Despite toeing the party line on border security, abortion and the Second Amendment, Smith may have run afoul of his voters when he voted to impeach fellow Republican and Texas Attorney General Ken Paxton last May.

Paxton was later acquitted by the state Senate, and many state lawmakers who tried to oust him were themselves ousted in this year’s primary election.

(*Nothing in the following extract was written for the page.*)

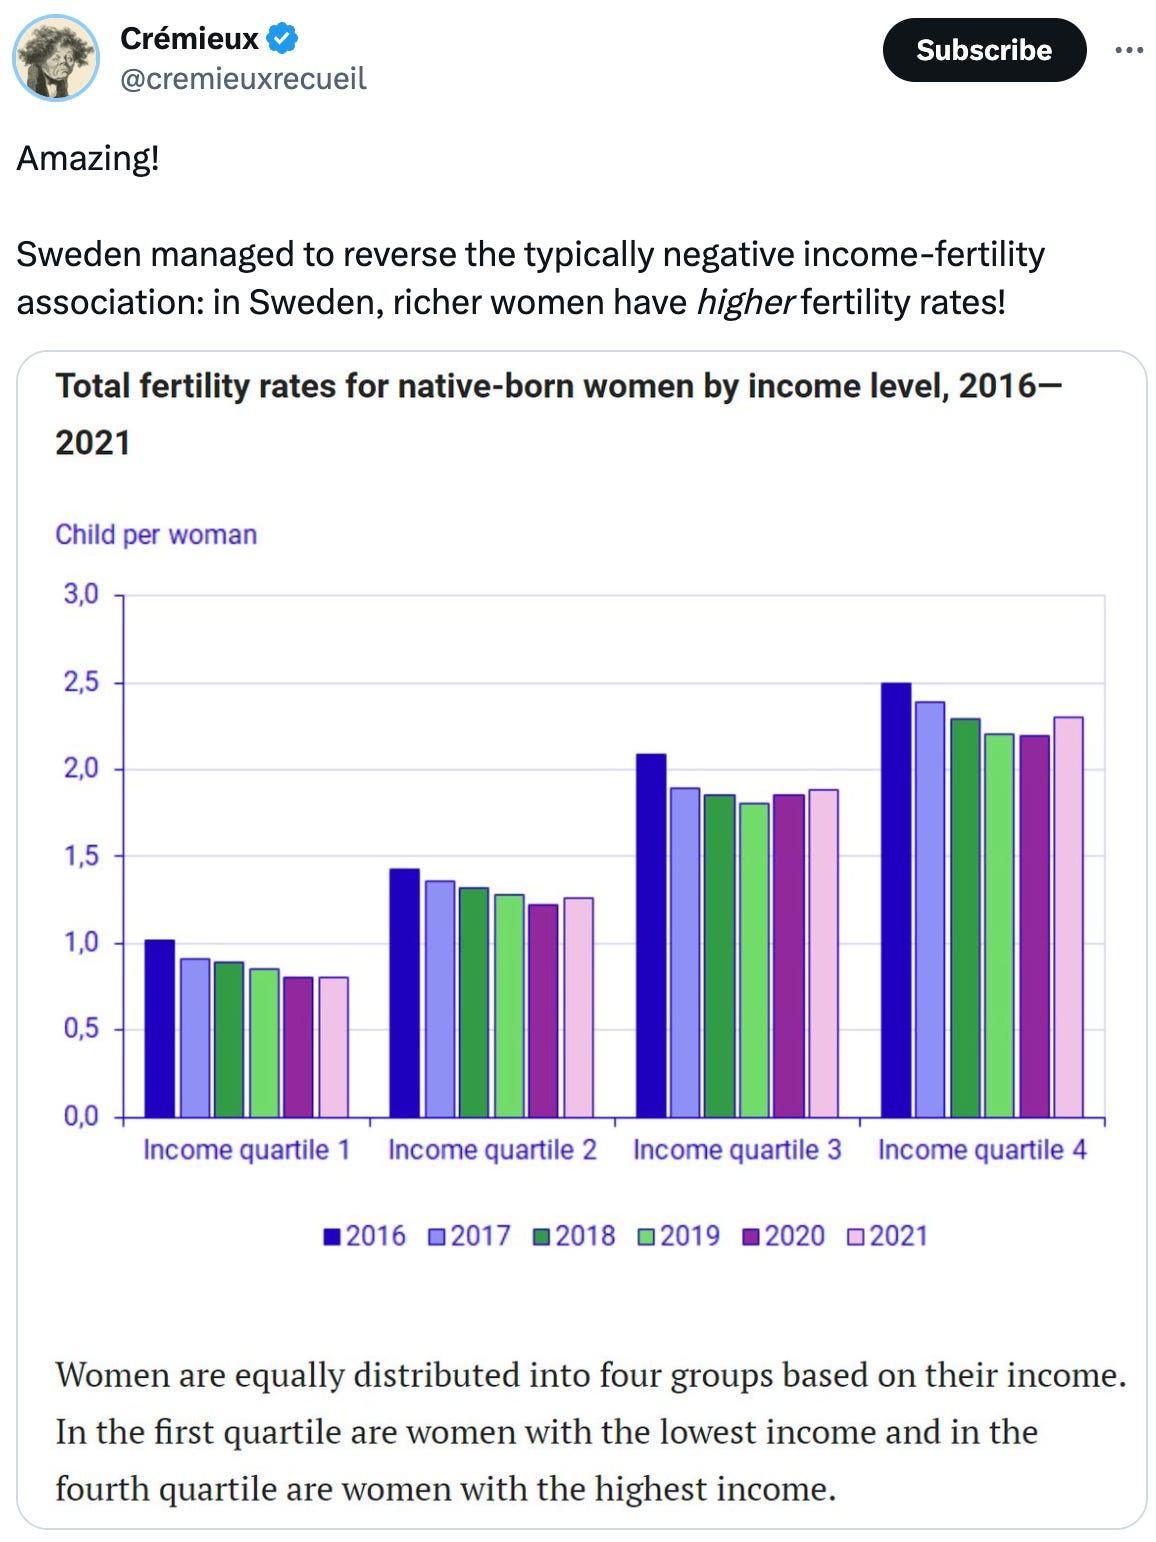  See new Tweets Conversation Crémieux @cremieuxrecueil Amazing!  Sweden managed to reverse the typically negative income-fertility association: in Sweden, richer women have higher fertility rates!

[As Paxton and his allies have prosecuted an intraparty loyalty purge.]

ETA: speaking of purges

The Texas GOP purge and other below-the-radar Super Tuesday nuggets

As the Republican Party continues to shape its identity in the Trump era, the events in Texas shouldn’t escape notice.

Tuesday featured a very successful purge of moderate and insufficiently MAGA Republicans that could reverberate well beyond the state’s borders.

The basics: Both Texas Gov. Greg Abbott (R) and Attorney General Ken Paxton (R) targeted a number of incumbent Republicans who had run afoul of them — Abbott for opposing his school voucher plan, and Paxton for supporting his impeachment and watering down his authority.

  • Of 10 state House GOP incumbents Abbott targeted, only twowon renomination on Tuesday. Five lost, and three others were pushed into runoffs.
  • Paxton was less successful in the state legislature; of the 35House GOP incumbents he targeted, most won. But seven lost, and eight others were pushed into runoffs — including, most notably, state House Speaker Dade Phelan (R), who led the failed impeachment charge.
  • Paxton also successfully targeted all three Republican judges on the state Court of Criminal Appeals who were up for reelection — two of whom lost by landslide margins. The trio had voted in an 8-1 majority to strip him of power to prosecute voter fraud without the approval of local prosecutors.